Subtitle: “Ubiquiti Auto-Optimise Breaks stuff again” (it is also responsible for this).
I have been having persistent, annoying and sustained issues with older Sonos devices dropping off of my WiFi network after a while. This is on a network driven entirely with Ubiquiti UniFI products (switches and access points connected to a UDM-Pro).
The older Sonos products would disappear regularly from view from the Sonos Apps.
Power cycle them and they return, but then any time from a few minutes to a few hours later… they’re gone again. Power cycle yet again. Rinse and Repeat. Grrr.

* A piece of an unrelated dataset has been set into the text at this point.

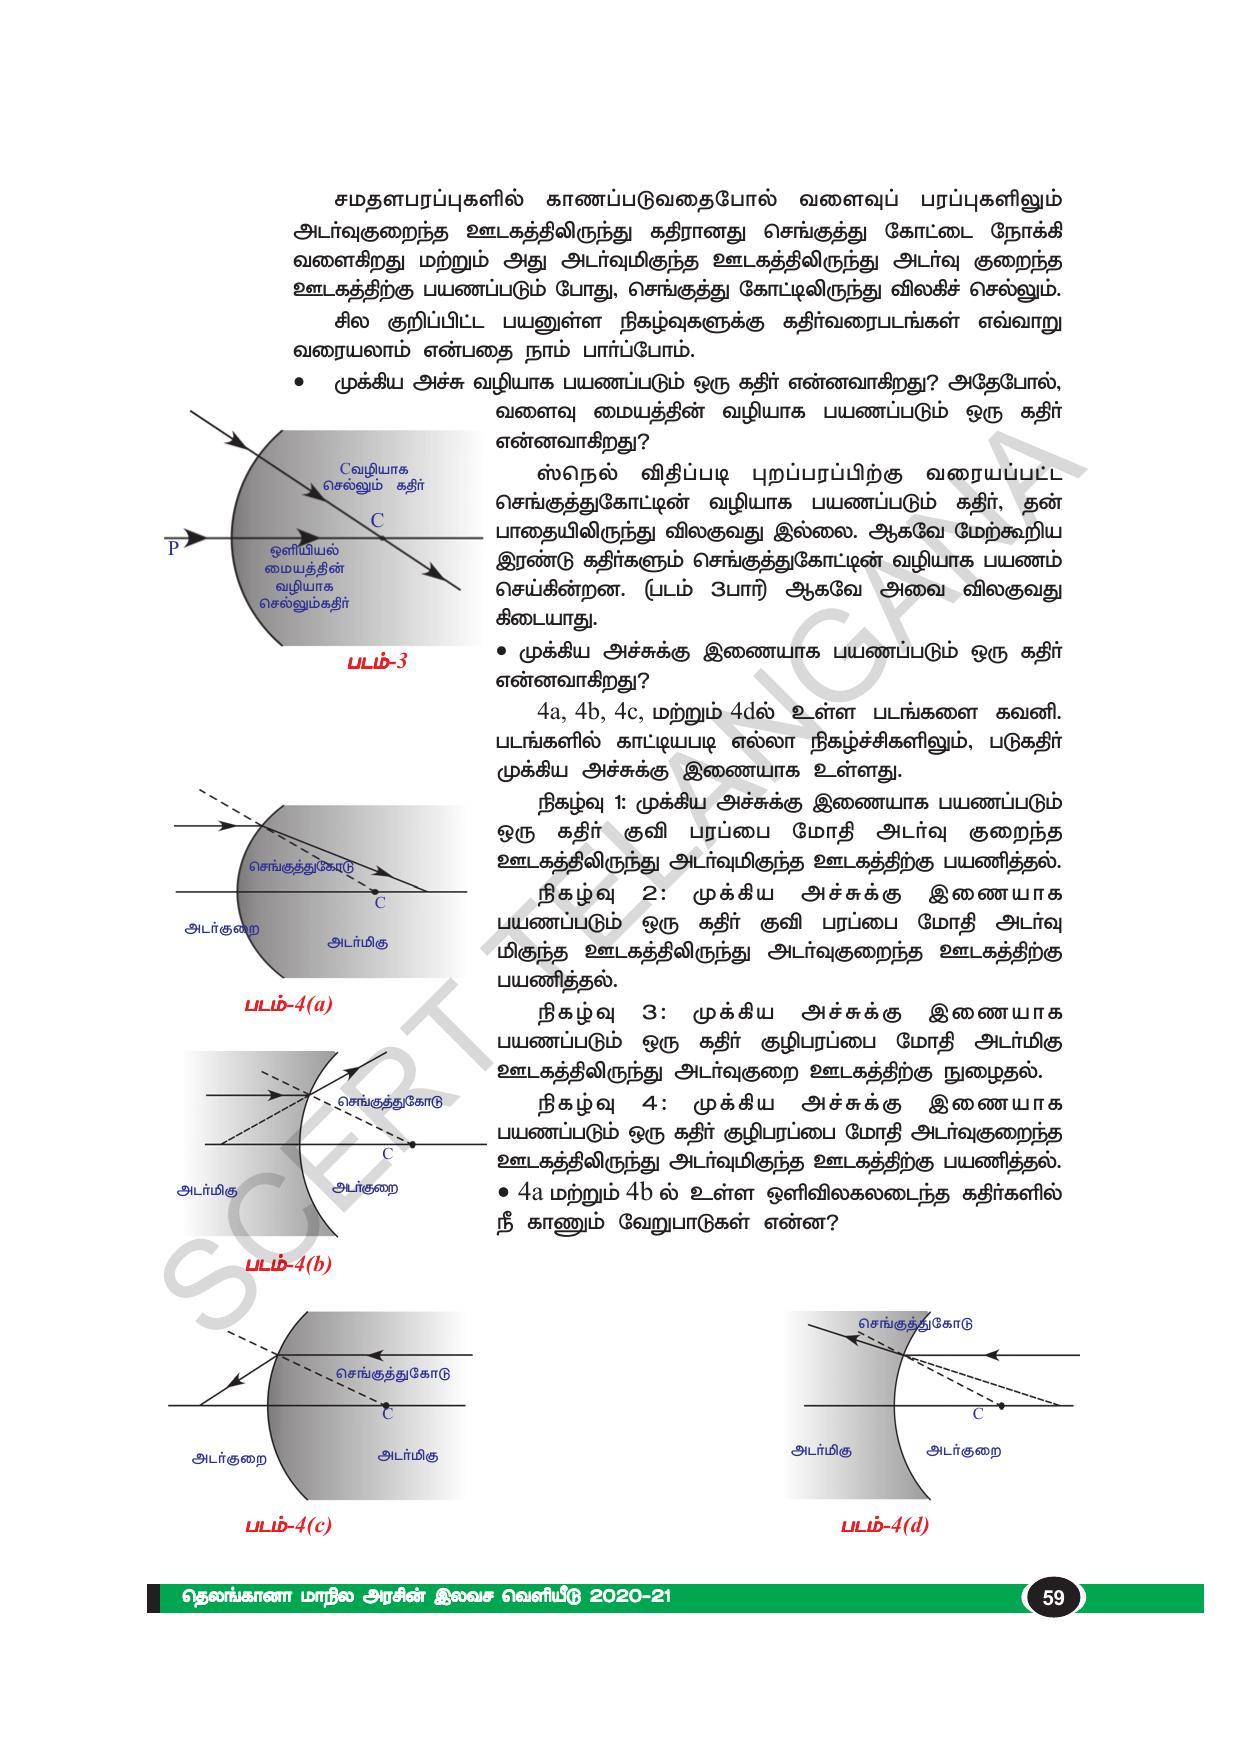 TS SCERT Class 10 Physical Science(Tamil Medium) Text Book - Page 71
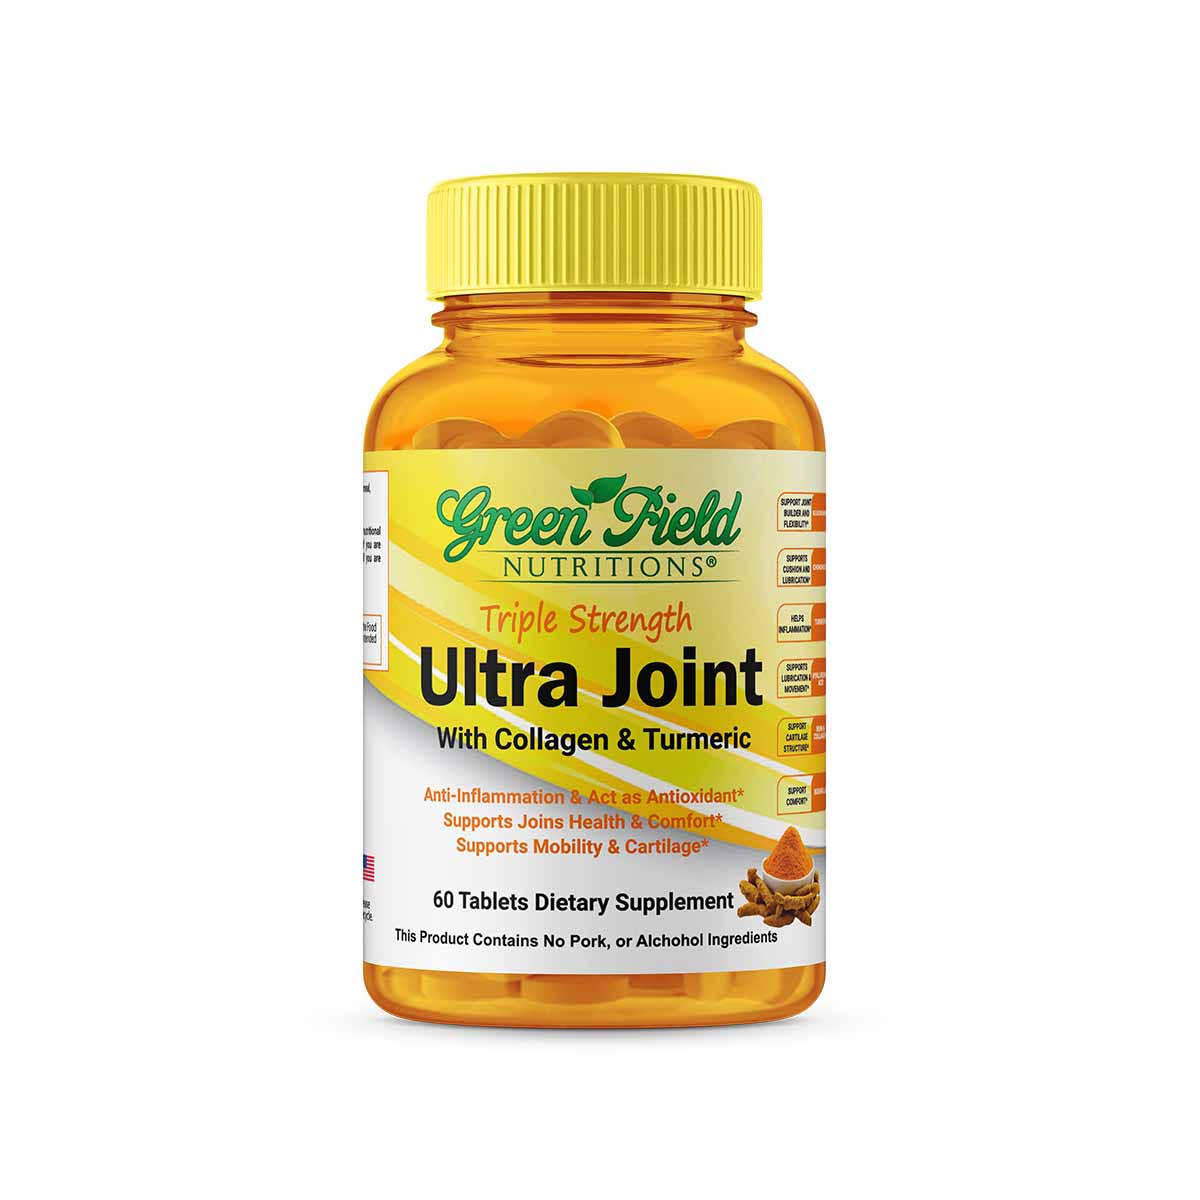 Greenfield Nutritions, Halal Joint Formula - Glucosamine MSM with Turmeric for Joint Support from Greenfield Nutritions

The Ubiquiti ‘auto-optimize’ function strikes again – and breaks stuff. Hmmm.
The ‘optimize’ fuction modifies the minimum data rate for 2.4Ghz ‘beacon’ frames to a rate above the 802.11b default. Doing this breaks WiFi connectivity for devices that can only use 802.11b. The older Sonos models use 802.11b. So … this breaks them.
(1) Turn off ‘auto-optimize’ (under Advanced settings in the Network settings page).
(2) Turn off the checkbox “2G Data Rate Control” on the Wireless Network page for your WiFi SSID concerned (see images below) to restore working 802.11b WiFi connectivity
The Details (if you need or want them)
I have Sonos One devices and (older) Sonos Play:5 devices. Its the Play:5’s that kept going away.
Importantly the older Sonos units are 2.4Ghz 802.11b only units devices… they can’t talk on 5Ghz (but the UniFi AP’s can bridge them to control devices running on newer devices and newer bands).
After a lot of head scratching, I realised that ‘something’ had changed a critical setting on my UDM-Pro.
The setting that was changed was the one (in the Wireless Network page) called “2G data rate control”.
This had been turned on (by the ‘auto optimizer’) and set to 5.5Mb/s minimum:
This is a minimum beacon rate that (as it says on the page) causes “Limited range and limited connectivity for 802.11b devices”
The older Sonos devices are 802.11b 2.4Ghz only devices! Hence this setting is guaranteed to break Sonos Network access – and to keep breaking it. Argh.
So: The fix is to set that minimum data rate back down to 1Mb/s, at which point the on-screen text changes to “Full Device Compatibility and Range”:
It is simpler (and more direct) to just disable the rate changing function entirely (by un-checking the box ‘Enable Minimum data rate control’.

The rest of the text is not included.